The_Hunger_film_posterA lot of vampire films tend to fall victim to the age-old clichés of the horror genre (or more or less the vampire sub-genre films like Dracula helped to create), and as a result, many vampire films tend to age badly. This film, starring Susan Sarandon and David Bowie, offers a different take, focusing on the aspect of familiar vampire lore that entails the prospect of eternal youth. The film revolves around Miriam and John Blaylock, a vampire couple posing as classical music tutors who periodically feed on people in order to maintain eternal youth. However, after John starts to age rapidly, he feels like he has been deceived, and seeks help from a gerontologist named Sarah Roberts, only to be trapped in a state of eternal living death while her former lover satisfies her hunger elsewhere.

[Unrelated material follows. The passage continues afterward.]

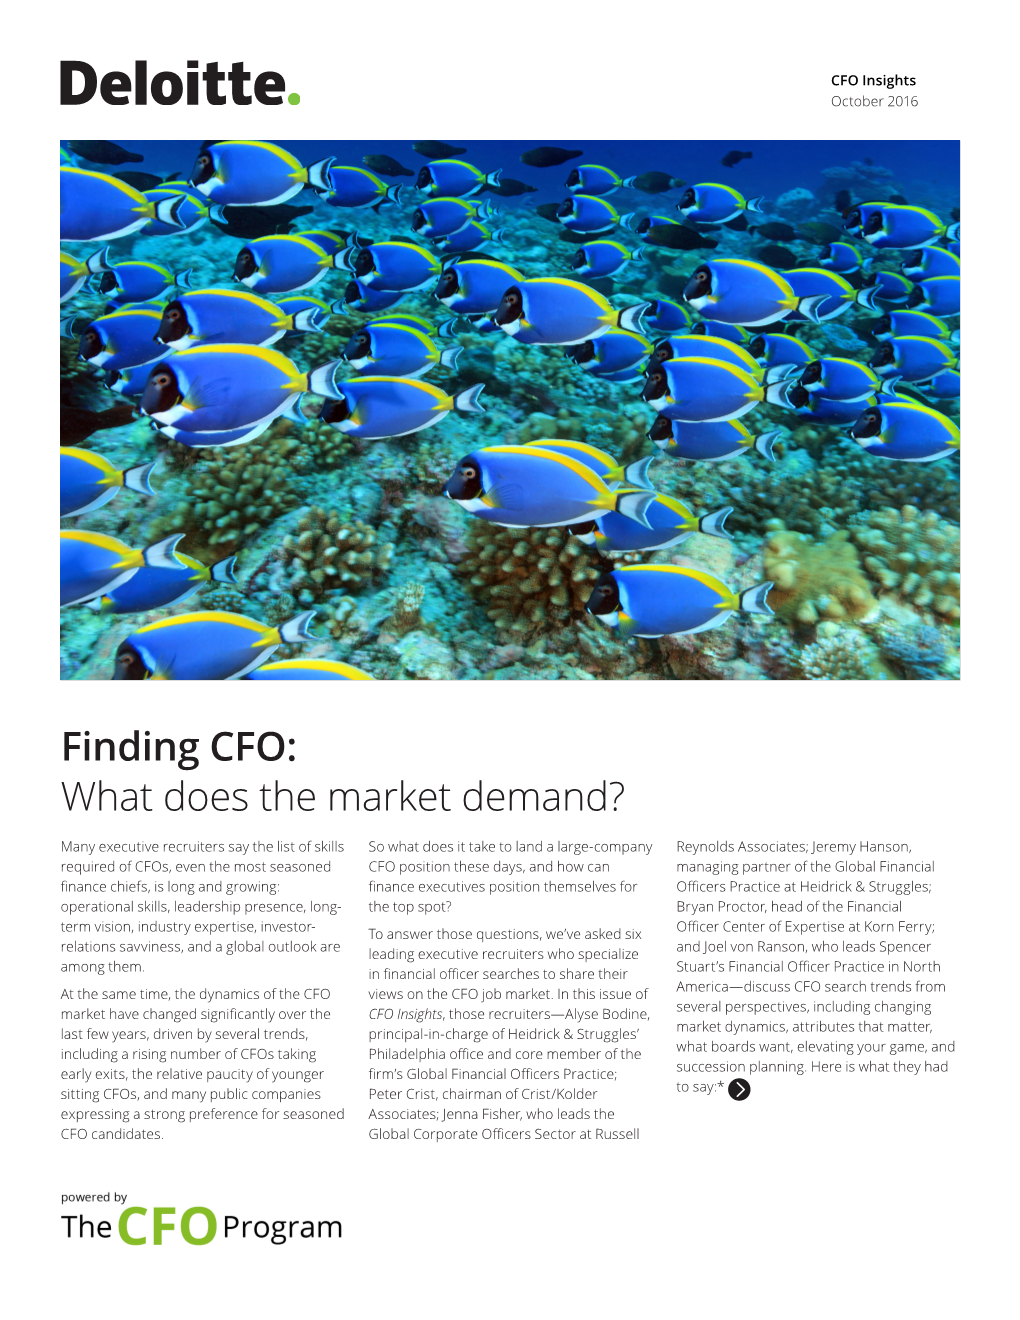 Download the CFO Insights. Finding CFO: What Does the Market Demand?

To be honest, I found myself disappointed with this film, mainly because of its slow pace, and that sounds like a very odd thing to say about a film that runs for only ninety-six minutes. The main problem with the story is that not a lot really happens, and the film doesn’t so much pace as it plods through a standard runtime. At first, it seemed like the kind of film that would get straight to the point, opening with a scene featuring a live performance from the legendary goth band Bauhaus, and then quickly cutting to a scene where the main characters feed. It was all fine for the first twenty minutes, and then things started to downhill from there. The film’s story generally seems like a jumbled mix of a horror film and an erotic thriller film. Indeed, between the sparse blood-sucking senses, much of the film is focused on atmosphere rather than plot.

The performances exude a very stylish quality, and the actors portraying the main characters fit into their roles like comfy shoes. The late David Bowie played his role as though it came naturally to him, particularly as he ages more rapidly and tries desperately to overcome it. However, I’m disappointed by how little screen time he gets (after halfway through the film, he’s gone). As for the lead female characters, their performances were quite sleek in character, but I can’t help but think that the film’s producers were focusing on the sexual aspect of their characters a little too much.

If anything is done well in the film, it’s the presentation. The film looks and sounds like a very classy vampire film, and I guess that’s one of the things that got me interested in it. I should also commend the film for its atmosphere, but this clear emphasis on style might actually be something of a weakness. It’s like a meal that looks nice, but isn’t exactly satisfying. That’s not to say it’s a bad film by any means. In fact, to some degree, I actually liked the film, but it’s very flawed, and I felt that the writers and producers could have done far better. There’s no reason why a film like this couldn’t have been great, but it felt way too slow, and all too often risked being a contrived erotic horror film without much of either.